По ее просьбе Рудый стал приучать Изяслава к оружию. Детская рука быстро уставала отмахиваться тяжеленьким мечом, но нравилась Изяславу эта мужское занятие; не пугались его глаза, когда резал перед ними воздух мелькающий меч Рудого. Теперь он не расставался со своим мечом; как-то остепенил его пояс с оружием, даже в походке прибавилось уверенности и тверже стал взгляд. «Что, Рудый, — спрашивала Рогнеда, гордясь сыновней смелостью, — будет из него воин?» — «Похоже, будет, — отвечал стражник, сплевывая от сглаза. — Глаз злой!» Да, еще восемь, девять лет, думала Рогнеда, и выйдет из Изяслава настоящий князь.
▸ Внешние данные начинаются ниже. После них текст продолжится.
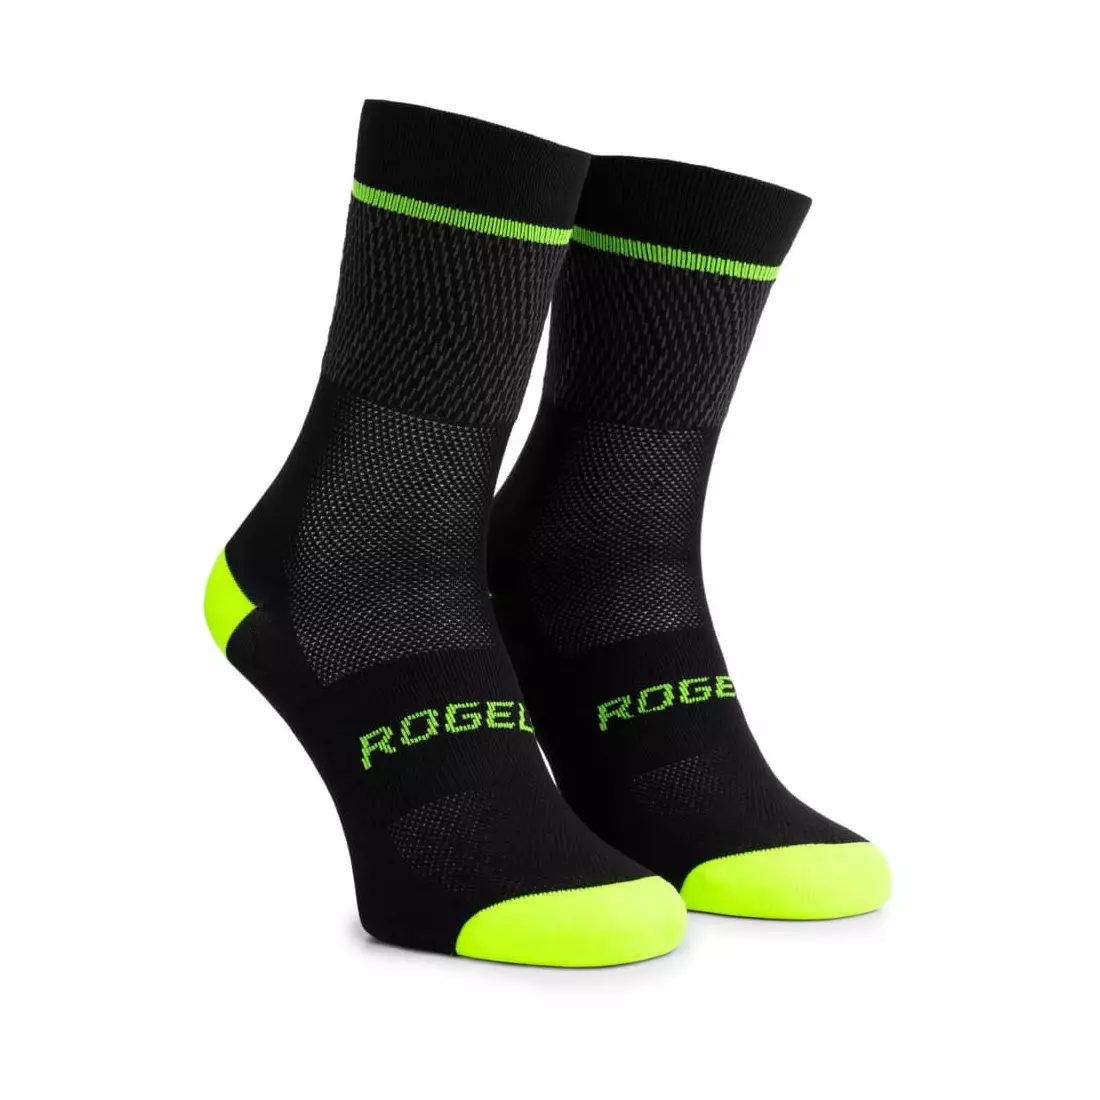 Rogelli HERO II kerékpáros/sport zokni, fekete-fluor

Но девять лет! Прожить надо эти девять лет. Иные девять лет значат побольше длинного века. Тому назад девять лет они с Рутой в девочках бегали, вперед одно счастье им мнилось; никто бы не угадал, какие суждено им испытать пытки. И судьбу Изяслава наперед за девять лет не разглядишь; прав волхв: нашу судьбу чужая воля испытывает. Что за девять лет с разными людьми совершится? Может, этого и боги не знают. Может, Добрыню ловкий печенег зарежет в поле; может, Владимира отыщет стрела; может, греки пойдут войной на Киев, может… Может, ничего не изменится. Кто знает? Жить надо, ждать; так надо жить, словно Изяславу завтра на княжеское место садиться. И так подействовало принятое ею отношение к сыну, что все ему подчинились; уже и тиун кланялся княжичу, входя в избу. Делал тиун, что надлежало, — городом владел Изяслав, он был здесь князем, но ведь в первые месяцы не гнулась у тиуна спина, теперь же дошло: хоть они и ссыльные, дитенок этот с матерью, но все же князь растет. Через девять лет полк будет водить в битву, сможет и припомнить невежество. Через девять лет он Полоцк силой возьмет, и поглядим тогда, князь Владимир, удастся ли тебе и твоим варягам повторить полоцкий разгром…

Изяслав растет — она старится. Коли все девять лет здесь пробыть, примеривала Рогнеда, старою вступит она в Полоцк, никто не узнает ее, ненужною станет она за эти годы, разве одни внуки потянутся к ней за лаской. Вот в одинокости и пройдет жизнь…

Уложив Изяслава, рассказав ему поучительную быль, Рогнеда гасила свечу и потерянно ощущала в темноте свое тело, тоскливую тишину на свете, где никто о ней не думал и не грустил. Печаль подавляла ее, и усталая, изнуренная одиночеством, она погружалась в скучный, бесцветный сон. Но в какой-то глухой таинственный час ей снился любимый. Он появлялся в темноте, внешность его совершенно не различалась, имени его она не знала, и он не называл себя. Как-то внезапно он оказывался рядом, она чувствовала силу его желания; подчиняли ее крепкие, налитые страстью губы, рассудок и память теряла она в его объятиях, уже одно легкое его прикосновенье обжигало ее; вся жизнь, прошлое, Полоцк, дети, Изяслав — все тускнело перед его любовью, все забывалось, уходило, пропадало, и тело изнывало от жажды его любви. Она просыпалась; кровяные горячие токи еще ударяли в лоно и сердце, но попусту, обманно — одна лежала она в темной избе… Да, князь был ей нужен, муж, советник в делах, защитник. Но где взять — не было и не могло найтись такого князя в глухом Заславле, все здесь были ей неравны…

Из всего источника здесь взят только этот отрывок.